ハープを弾く皆さんであればご存知のことと思いますが、あれだけハーピストに人気のクロード・ドビュッシーでありながら、本人はハープに関して、独奏曲は1曲も遺してません。ただ協奏曲では起用しているほか、オーケストラで演じられる曲「海」等でもハープが登場しますし、「ビリティスの歌」では2台も登用するなど、控え目にみてもかなりのハープ好きであるにも関わらずです。
諸説あるかとは思いますが、恐らくこれはドビュッシー存命当時のハープの楽器性能が、ドビュッシーの感性を満たすまでには追い付いていなかったことに尽きると考えられます。今では、ピアノでできることは理論上ハープでも・・・という時代になってはいますが、当時の印象派全盛の頃、フランスではやっとエラール社製のハープが勃興し始めた時期で、今日のペダルハープまでの精度はなく、あのドビュッシーをもってしても、ハープでソロを弾くことなどおよそ想定できない状況・・つまり楽器として、単にできることの範囲が今よりかなり限られていたのではないでしょうか。そうであれば、彼が生涯の作曲や演奏で局地的にはハープの音色を愛でて、起用もしながら、ハープのためのソロ曲やハープが主体の協奏曲等の作曲には手を付けなかったことにも合点が行きます。そんな歴史上のほんの誤差程度のタイムラグが、後世にドビュッシーのピアノ曲をハープ用に編曲するという作業を生み、きっと作曲した本人も天国で驚いているぐらい、素晴らしいハープ・レパートリーになっている昨今の状況を形成するに至ったというのは、想像に難くありません。

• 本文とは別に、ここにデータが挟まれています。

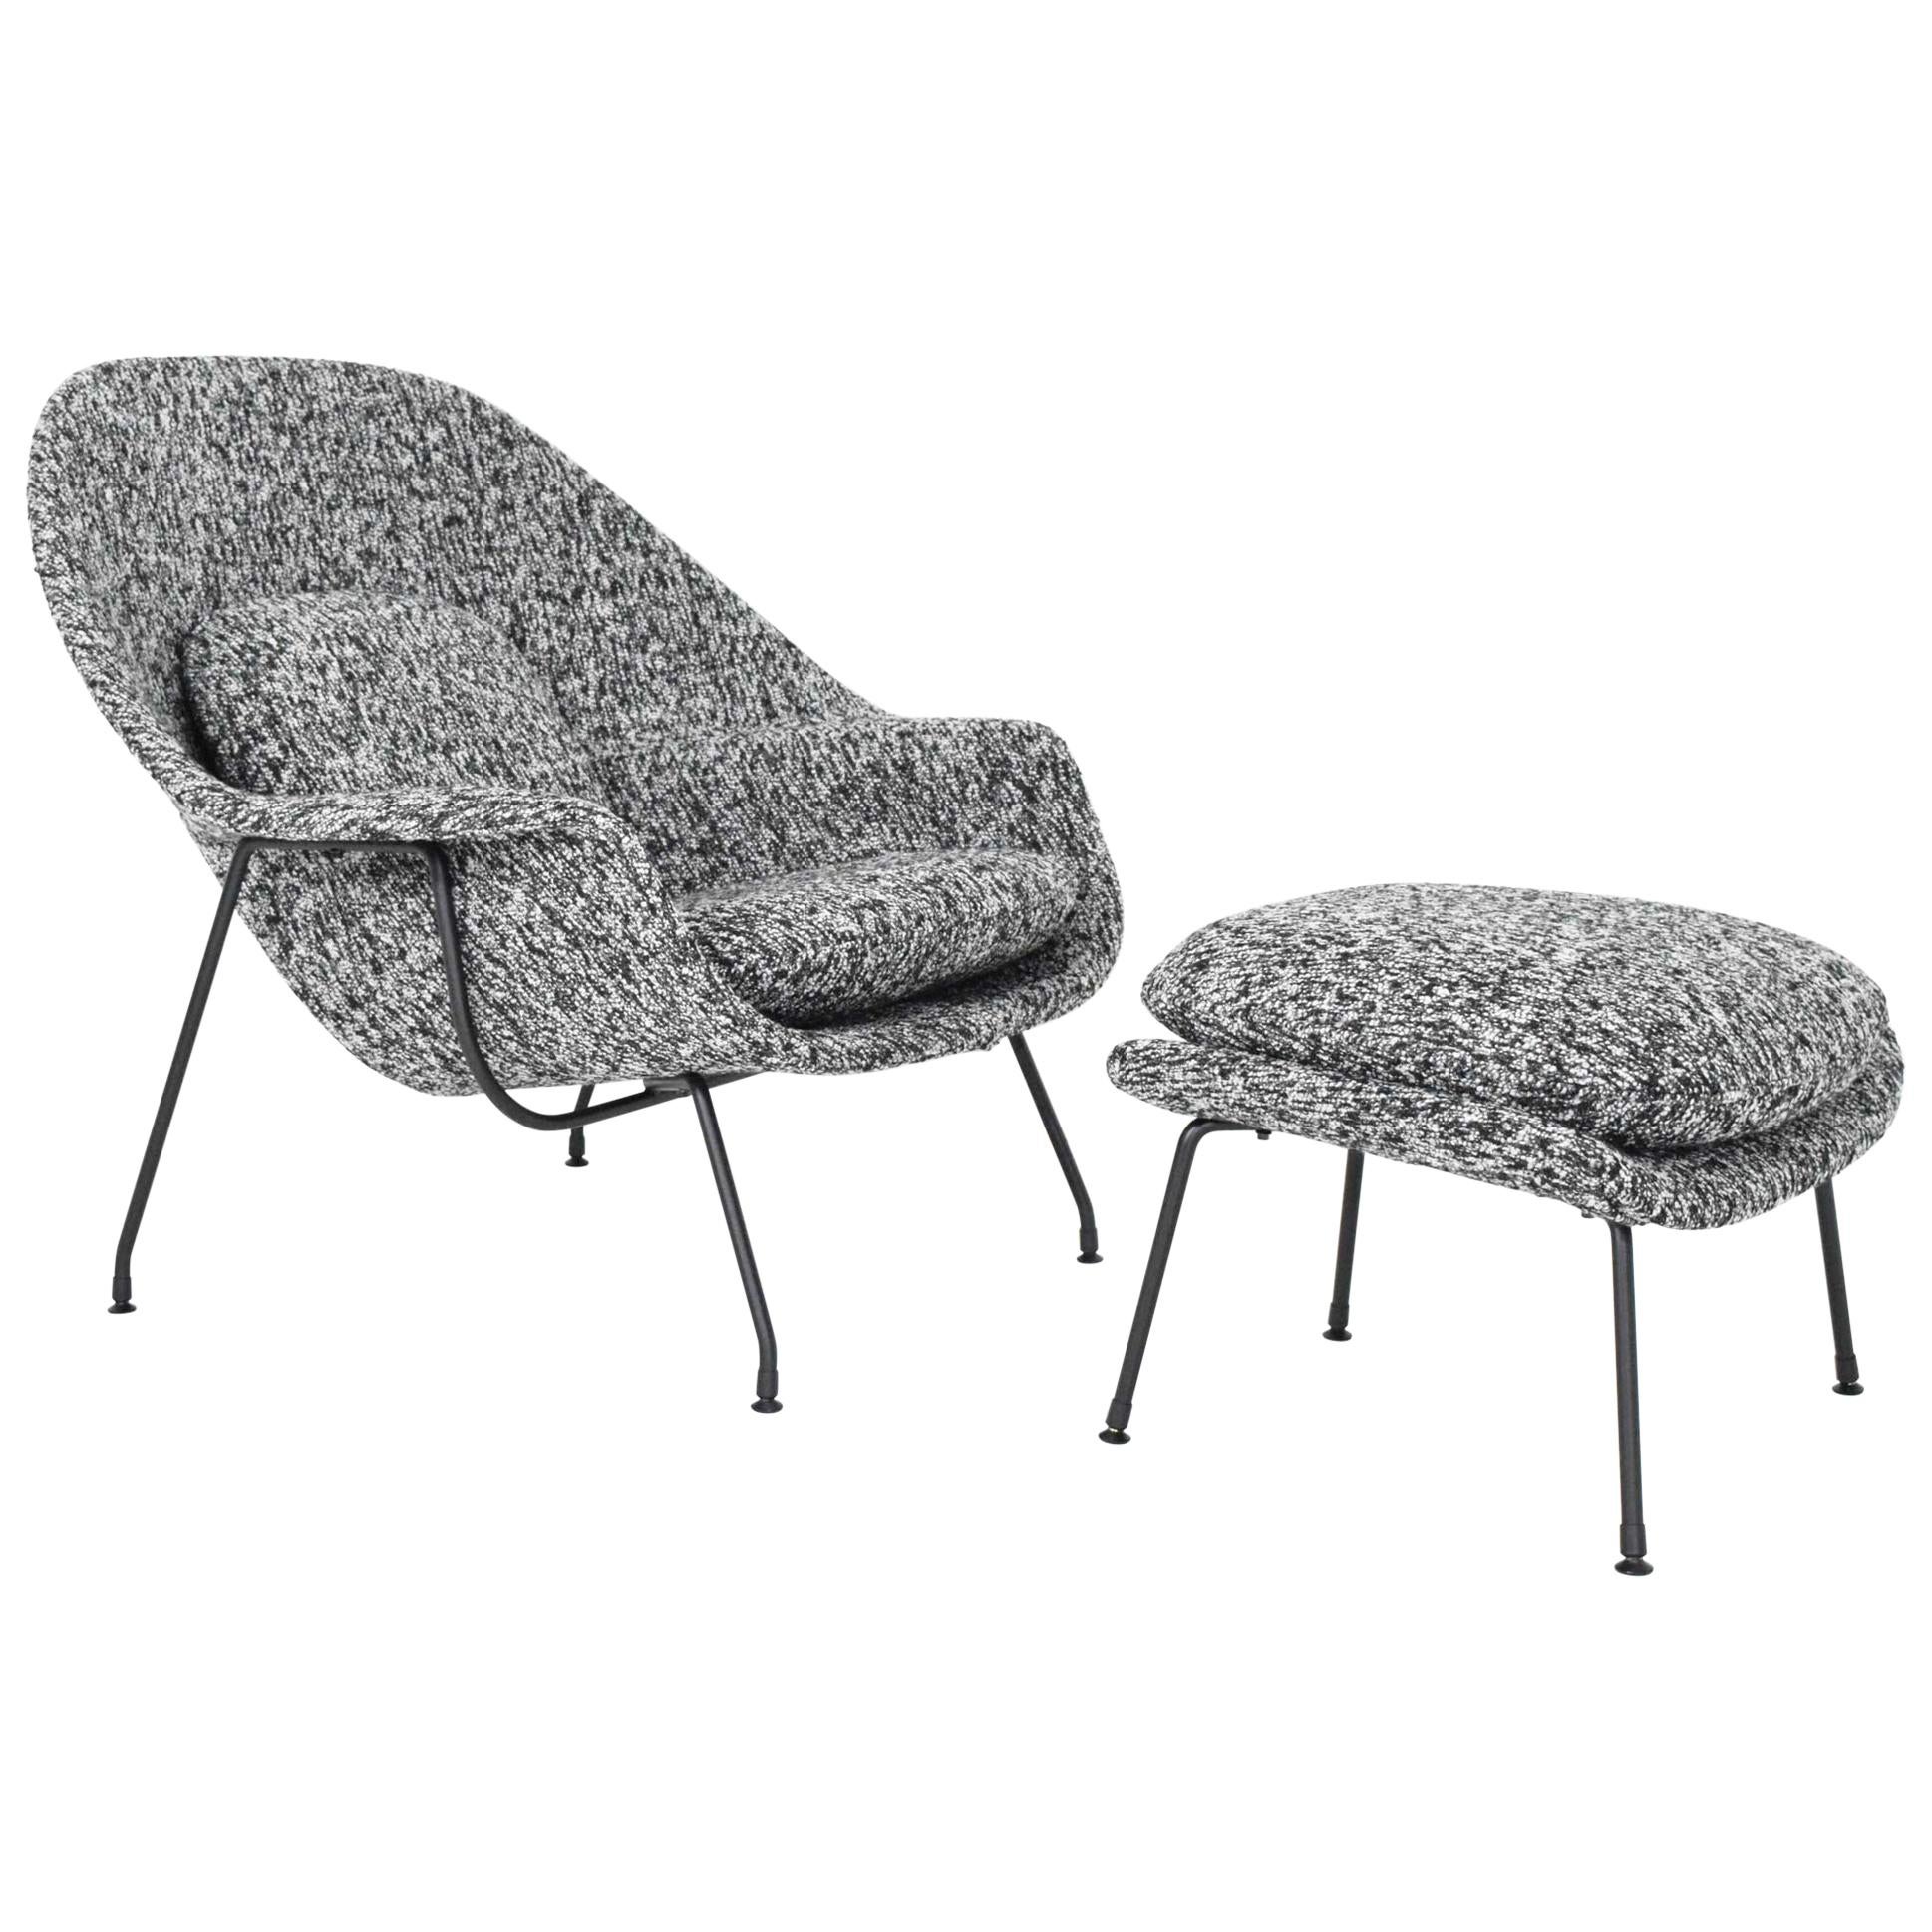 Eero Saarinen for Knoll Womb Chair and Ottoman

まさに、クラシック音楽の概念を拡げたが、ハープの性能向上には間に合わなかったドビュッシーの足跡をフォローするかのごとく、ハープによる名著改題に精励してきたのが、現代のハープの匠たちです。とりわけグザヴィエ・ドゥ・メストレにとって、本人がかつてインタビューで語っていたように、「楽譜に関してはレガシーに欠けるハープにおいて、仕事の半分は編曲のようなもの」であり、彼は歴史は長いが第一線の楽器とは言い難いハープへ、再びスポットライトを浴びせた功労者の一人です。フランス生まれの彼が、同郷の英雄について黙っているわけがなく、ハープ版ドビュッシーの決定盤としてリリースしたのが、「エトワールの夜~プレイズ・ドビュッシー」です。自身のキャリアの高みに到る時にドビュッシーをもってきたことで、メストレがいかにドビュッシーの音楽を信奉・敬愛し、ドビュッシーの音楽がいかに懐が深いか、そしてハープがいかに可能性に満ちた楽器であるかを雄弁に物語っています。本作ではハープの織り成す音のゆりかごに、まるで体全体が包み込まれるような想いを体験できるでしょう。